Она зашла за перегородку.
Так, вот и он. Напрасно она волновалась, что Фанни все напутала. Андрей Валентинович Илларионов собственной персоной – такой же, каким Эмма запомнила в ту первую встречу в нижнем зале д’Орсе. Лощеный, уверенный в себе, источающий невероятную, просто-таки юношескую энергию. И сексуальный. Забавное ощущение – почему это вдруг почудилось, что с той самой первой встречи Эмма мечтала оказаться с ним в постели?
Есть во всем этом нечто роковое, нечто шекспировское, не побоимся этого слова!
И немедленно Эмма вспомнила свое лицо, каким оно отразилось в зеркале над раковиной.
Забудь об этом, и как можно скорее. Что бы там ни плела бедненькая пьяненькая Фанни насчет Эдипова комплекса, на такую мымру, как ты сегодня, этот плейбой даже не взглянет. И ладно, твое дело – завоевать его доверие. А постель, это уж как повезет. И вообще, постель – не главное в жизни.
«Да-а? Стареешь! С каких это пор постель перестала быть для тебя главным?» «С тех самых!» – огрызнулась Эмма и приблизилась к Илларионову еще на шажок.

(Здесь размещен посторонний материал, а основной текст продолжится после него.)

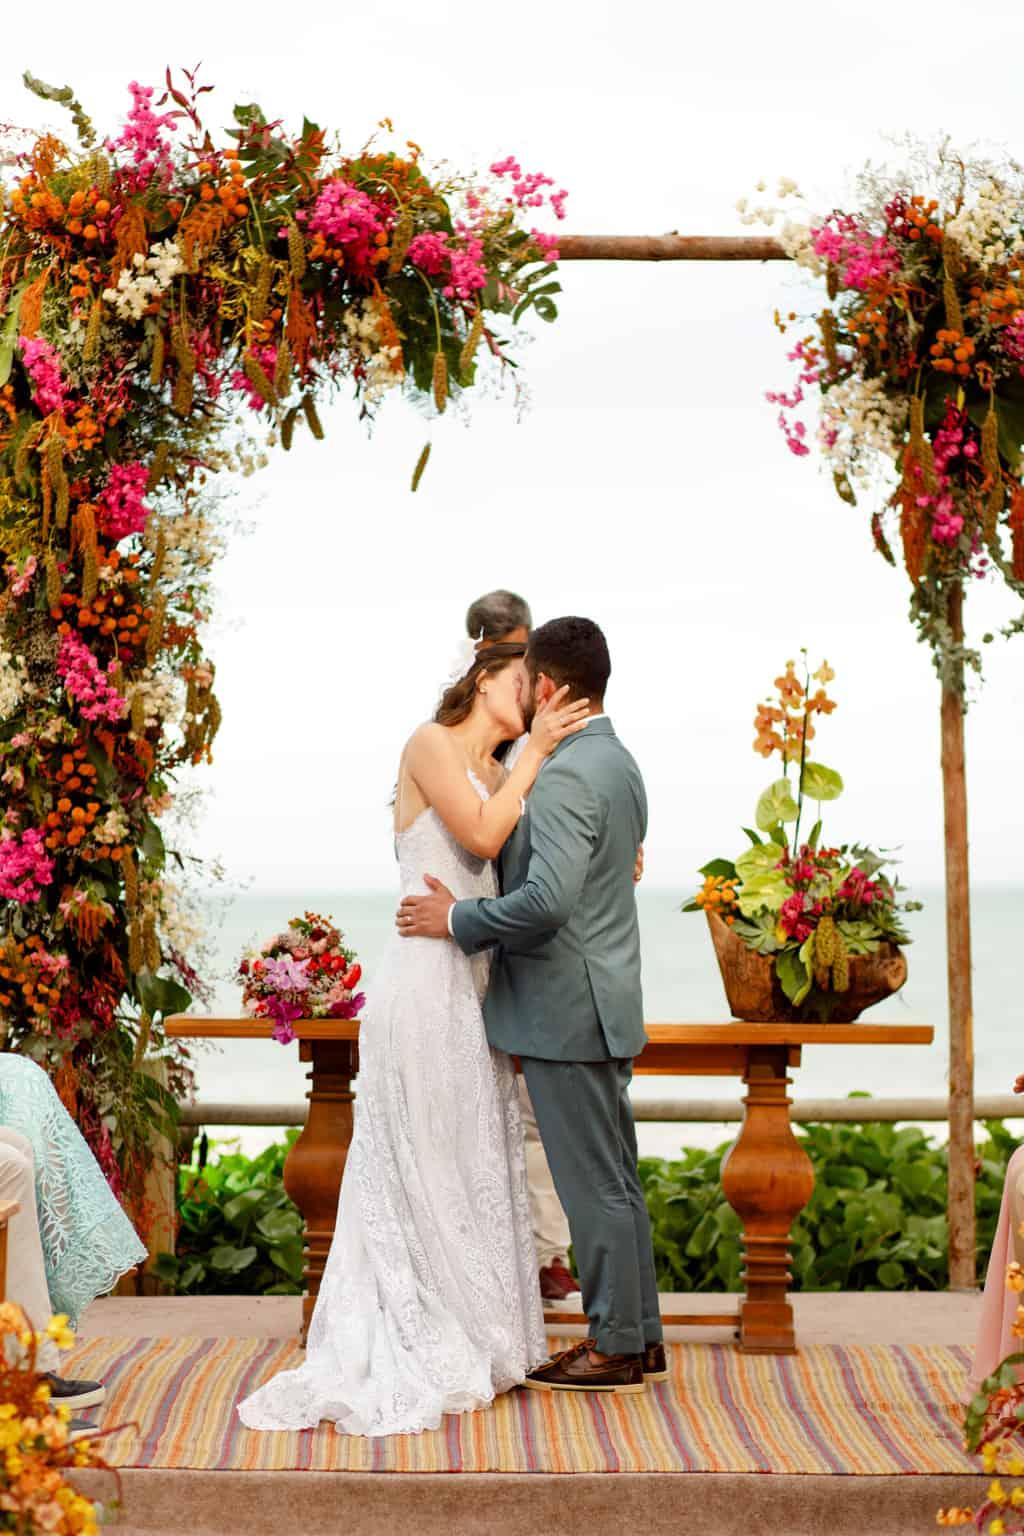 Casamento-Emanuelle-e-Alysson-Fotografia-Tadeu-Nanó-e-Luca-Antunes115

Приятный мужчина, просто картинка. Нравились Эмме по-настоящему ухоженные мужики, всю жизнь нравились. К вельветовым джинсам, рубашке, шейному платку и твидовому пиджаку никаких претензий. На плечах, разумеется, никакого мусора, который нуждается в постоянном применении «Head and shoulders» или простого русского майонеза «Провансаль», к слову, куда более радикального и действенного средства от перхоти, чем все на свете шампуни. Ни с того ни с сего Эмма представила Илларионова с головой, обмазанной майонезом «Провансаль» и покрытой полиэтиленовым пакетом (ходить час, потом смыть теплой водой с хорошим шампунем, как правило, перхоть исчезает после первого сеанса, но если ситуация запущена, следует повторить), и тихо кашлянула, чтобы скрыть дурацкий смешок.
Не о том думаешь!
Рядом с Илларионовым обозначился долговязый тощий дяденька с гладко причесанной, блестящей головой на длинноватой шее. Аристократический профиль, холодный взгляд из-под припухших век. Легкая надменная улыбка. Видимо, это и есть антиквар Доминик Хьюртебрайз. Не слишком похож на продавца, во что бы то ни стало желающего продать товар.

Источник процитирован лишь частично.